What is required:
What you return should be the complete listing, unchanged, with no pictures in it.

Information provided:
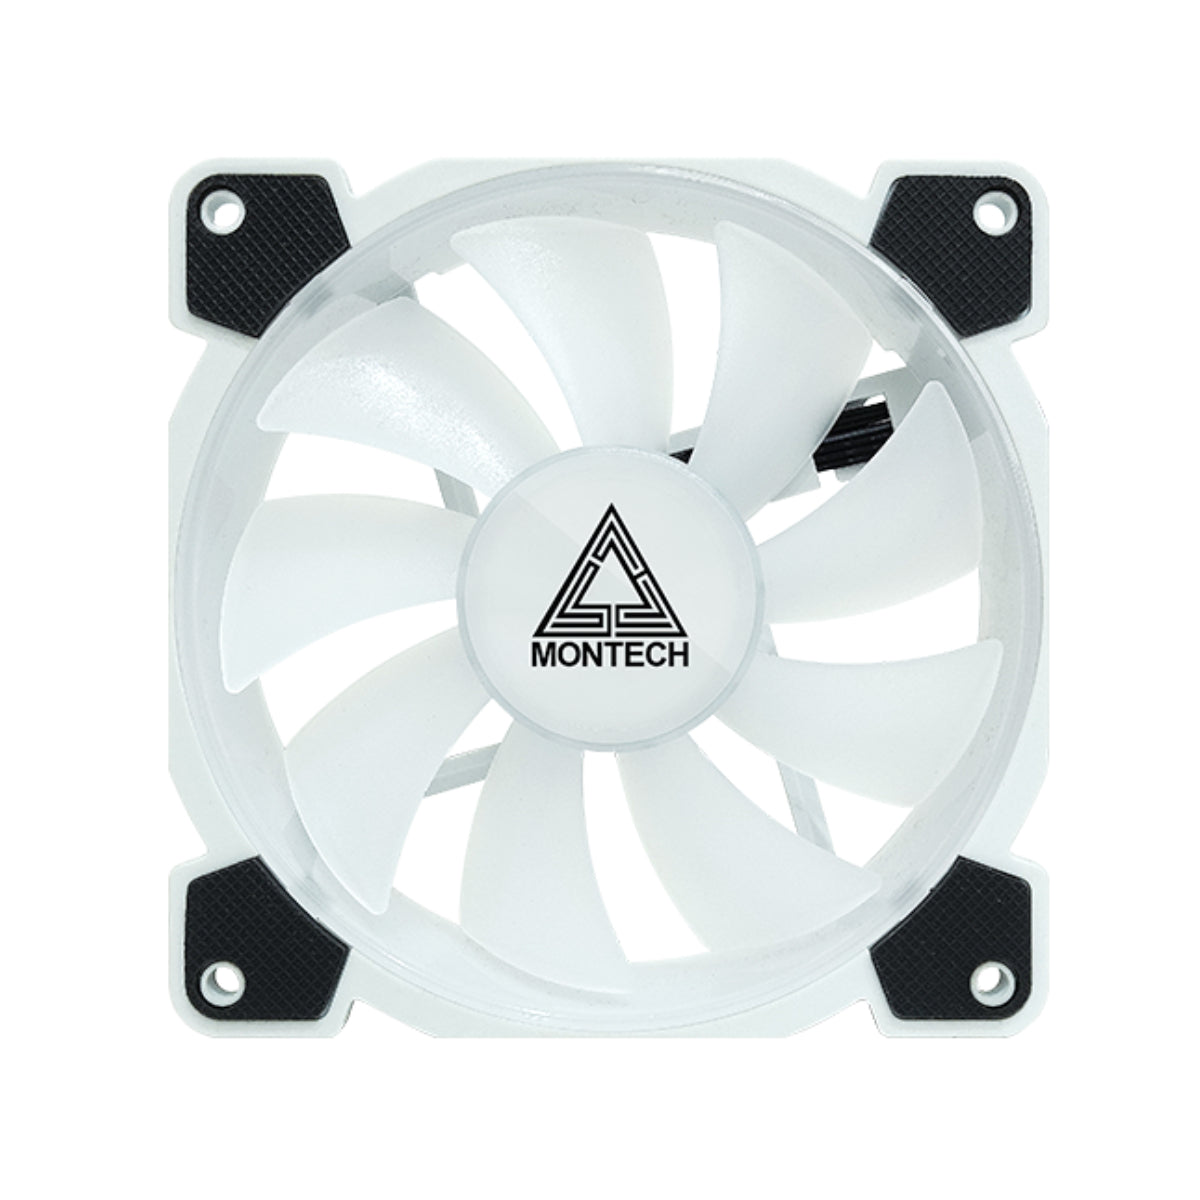 Montech Z3 PRO ARGB PWM 3 IN 1 Fan - White - Store 974 | ستور ٩٧٤
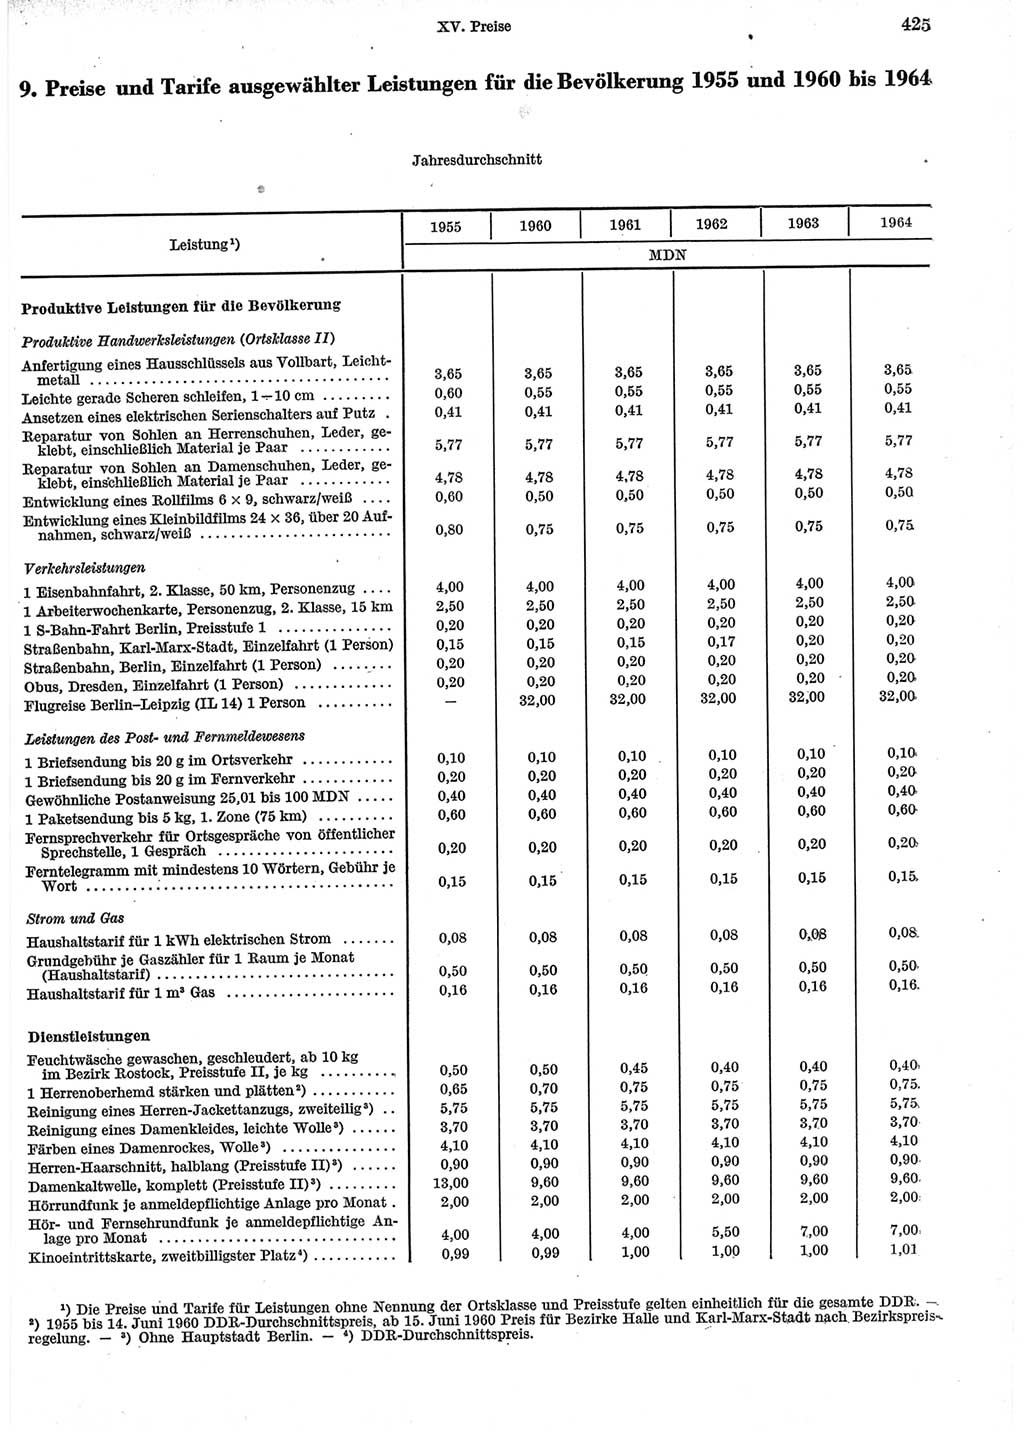 Statistisches Jahrbuch der Deutschen Demokratischen Republik (DDR) 1965, Seite 425 (Stat. Jb. DDR 1965, S. 425)
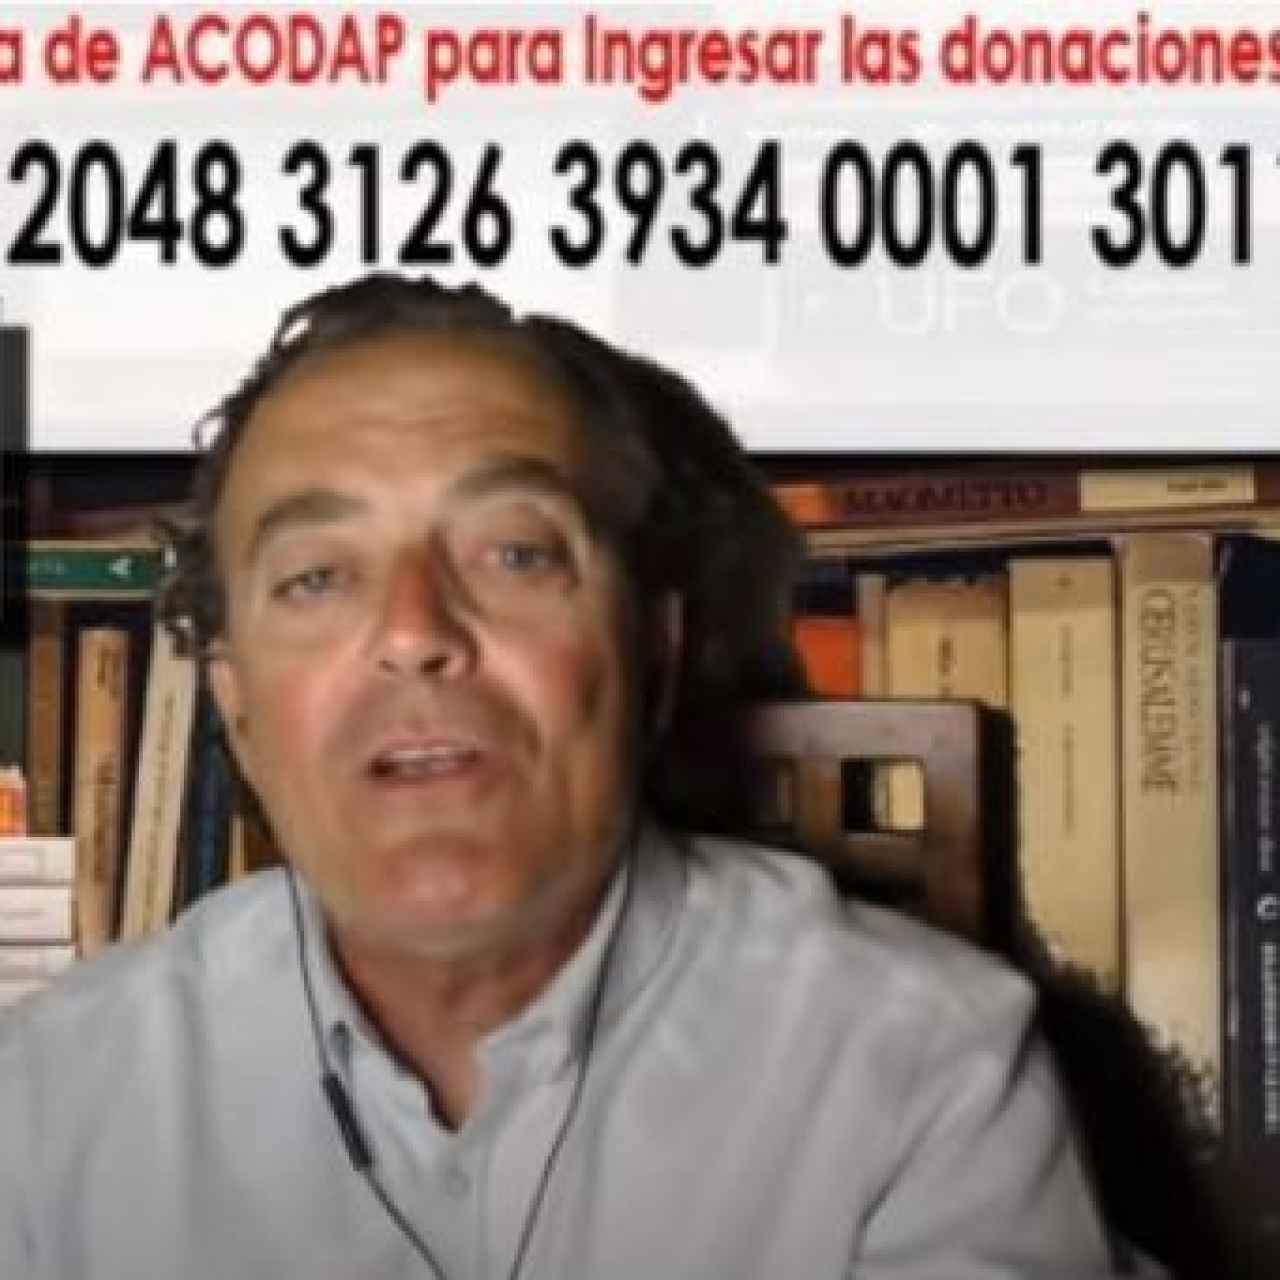 Fernando Presencia pidiendo donativos./

Response to the task:
 Montech Z3 PRO ARGB PWM 3 IN 1 Fan - White - Store 974 | ستور ٩٧٤
 Statistisches Jahrbuch der Deutschen Demokratischen Republik (DDR) 1965, Seite 425 (Stat. Jb. DDR 1965, S. 425)
 Fernando Presencia pidiendo donativos./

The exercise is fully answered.